Indices use [advanced numpy indexing](https://numpy.org/doc/stable/user/basics.indexing.html#advanced-indexing) and can be either:
- a boolean array
- a tuple of integer arrays with length equal to the number of array axes

**!** If used for validating field values, it is recommended that validators return ValidationResult with indices. 
Error messages can then properly show which values of which fields caused the validation to fail.

```python
import numpy as np
from valarray.core import ValidationResult

# 2D array of shape (3,3)
indices = np.array(
    [
        [False, False, False],
        [True, False, False],
        [False, False, True],
    ]
)

indices = (np.array([0, 1, 1]), np.array([1, 0, 1]))

res = ValidationResult(status="FAIL", indices_invalid=indices, msg="Optional error message.")
```

### Example Validator
```python
from dataclasses import dataclass
from typing import Literal

import numpy as np

from valarray.core import ValidationResult
from valarray.numpy import NumpyValidator

@dataclass
class ExampleIsEvenValidator(NumpyValidator[np.uint8]):
    method: Literal["boolean", "raise", "result"] = "boolean"

    def validate(self, arr):
        even = arr % 2 == 0

        all_even = np.all(even)

        match self.method:
            case "boolean":
                if all_even:
                    return True

                return False
            case "raise":
                if all_even:
                    return None

                raise ValueError()
            case "result":
                if all_even:
                    return ValidationResult("OK")

                return ValidationResult("FAIL", indices_invalid=~even)
```

# Catching exceptions
Failed validation results in `valarray.core.errors_exceptions.ValidationException` being raised containing list of errors responsible (and name of array class if available).

Main error types are:
- `IncorrectDTypeError` - Wrong data type. **\***
- `IncorrectAxNumberError` - Wrong number of axes 
- `IncorrectAxSizesError` - Ax or axes have wrong size(s)
- `InvalidArrayValuesError` - Validator applied to the whole array failed. **\***
- `InvalidFieldValuesError` - Validator applied field(s) failed. **\***

**\*** These errors have special variants that ensure proper type hints. See [Generic Errors](#generic-errors).

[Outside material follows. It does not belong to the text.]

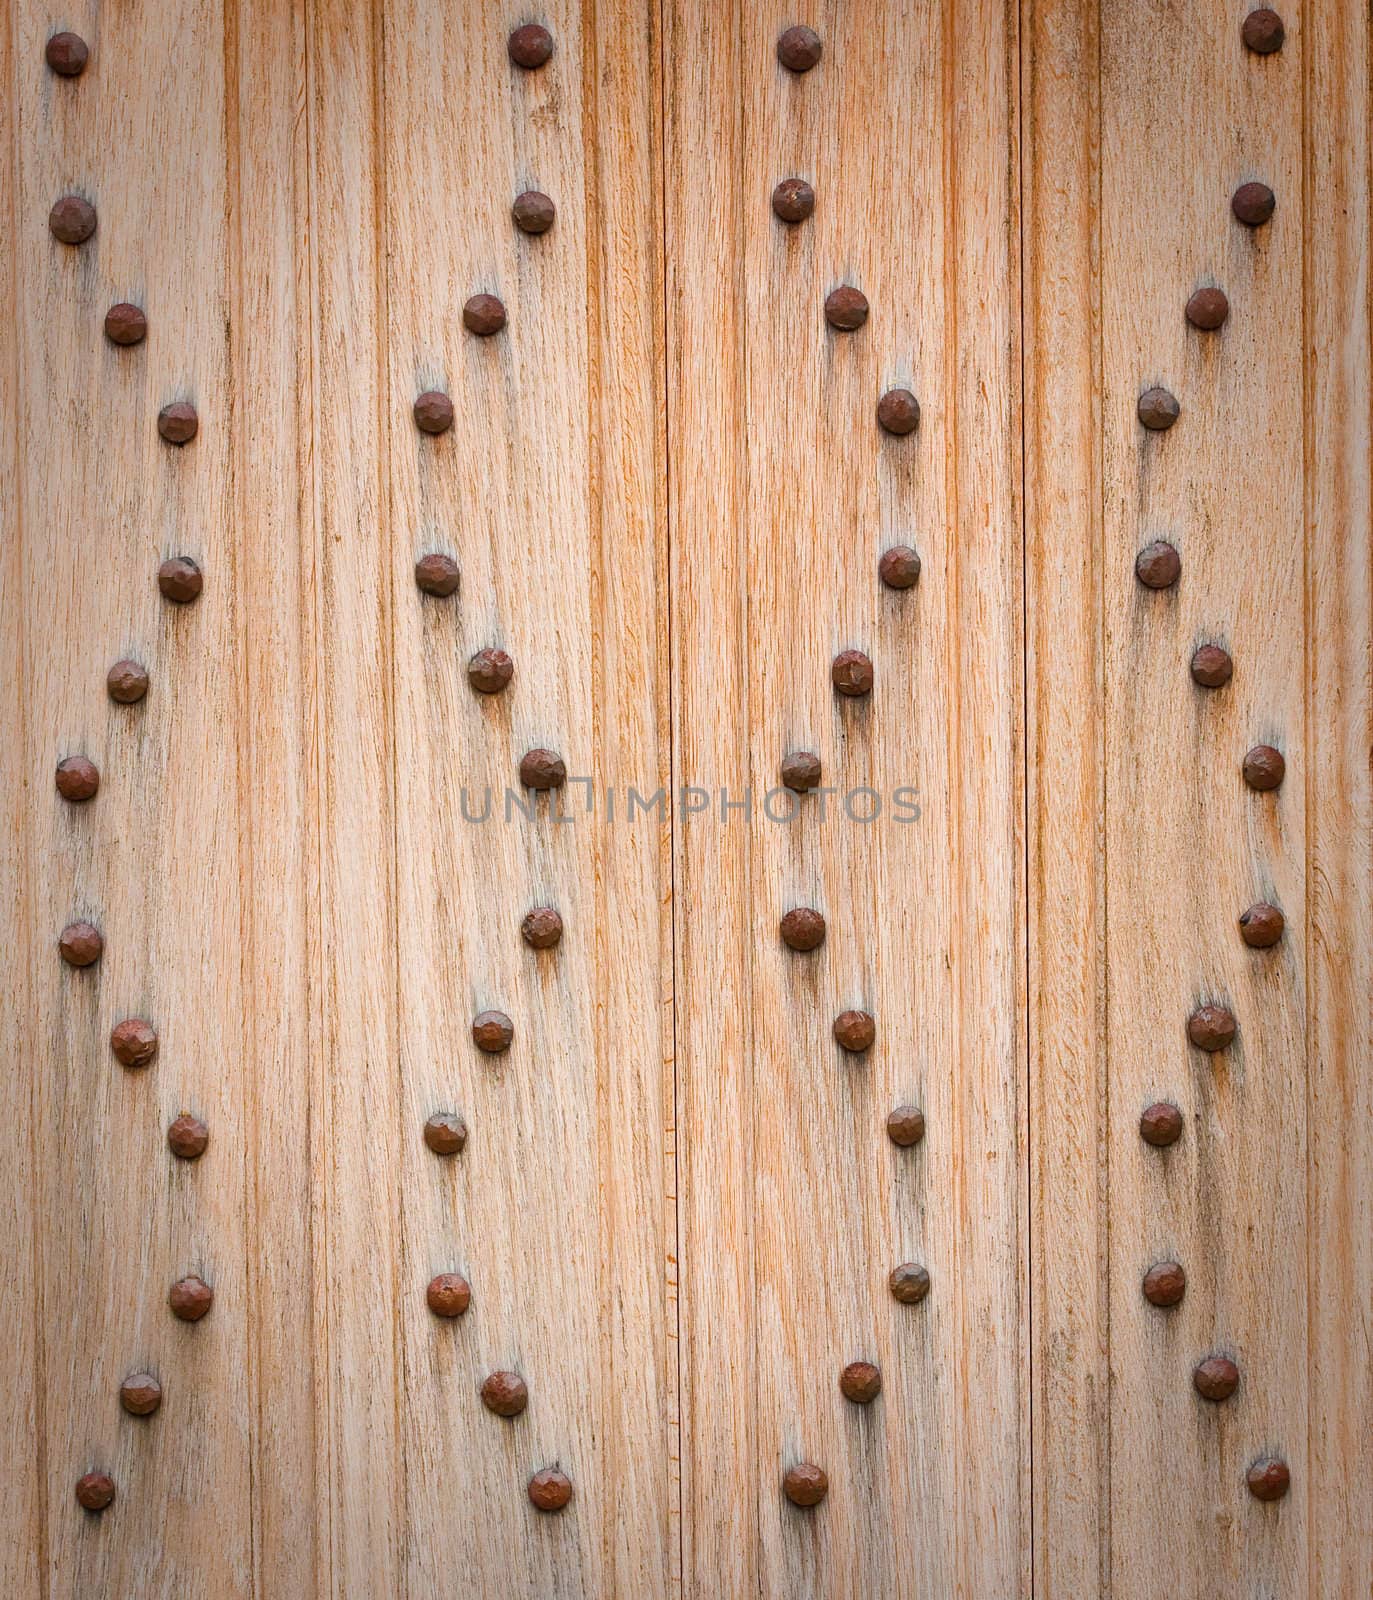 studded wooden door as background

Error list is a special list type that in addition to integer index and slice can be filtered by error type(s).
```python
try:
    ...
except ValidationException as exc:
    err = exc.errs[0]

    sliced_errs = exc.errs[:2]
    
    dtype_errs = exc.errs[NumpyIncorrectDTypeError]

    axis_errs = exc.errs[(IncorrectAxSizesError, IncorrectAxNumberError)]
```

## Special exceptions and errors
There are two special subclasses of `ValidationException` with associated validation errors raised during [instantiation](#creating-a-validated-array-instance):
- `CreateArrayException` -> `CannotCreateArrayError` - Array cannot be created from supplied object.
- `CoerceDTypeException` -> `CannotCoerceDTypeError` - If array data type cannot be coerced when creating array with `ValidatedArray(coerce_dtype=True)`


## Generic Errors
These error types have subclasses ensuring proper type hints:
- `IncorrectDTypeError` -> `NumpyIncorrectDTypeError`
- `CannotCoerceDTypeError` -> `NumpyCannotCoerceDTypeError`
- `InvalidArrayValuesError` -> `NumpyInvalidArrayValuesError`
- `InvalidFieldValuesError` -> `NumpyInvalidFieldValuesError`


# Caveats
- I cannot guarantee that the test suite is foolproof ATM as I'm currently the only one testing this library.
- Library has so far only been tested with `python==3.12` and `numpy==2.4.0`
- Library isn't tested for performance, use in production only if the primary bottleneck is brain and not hardware.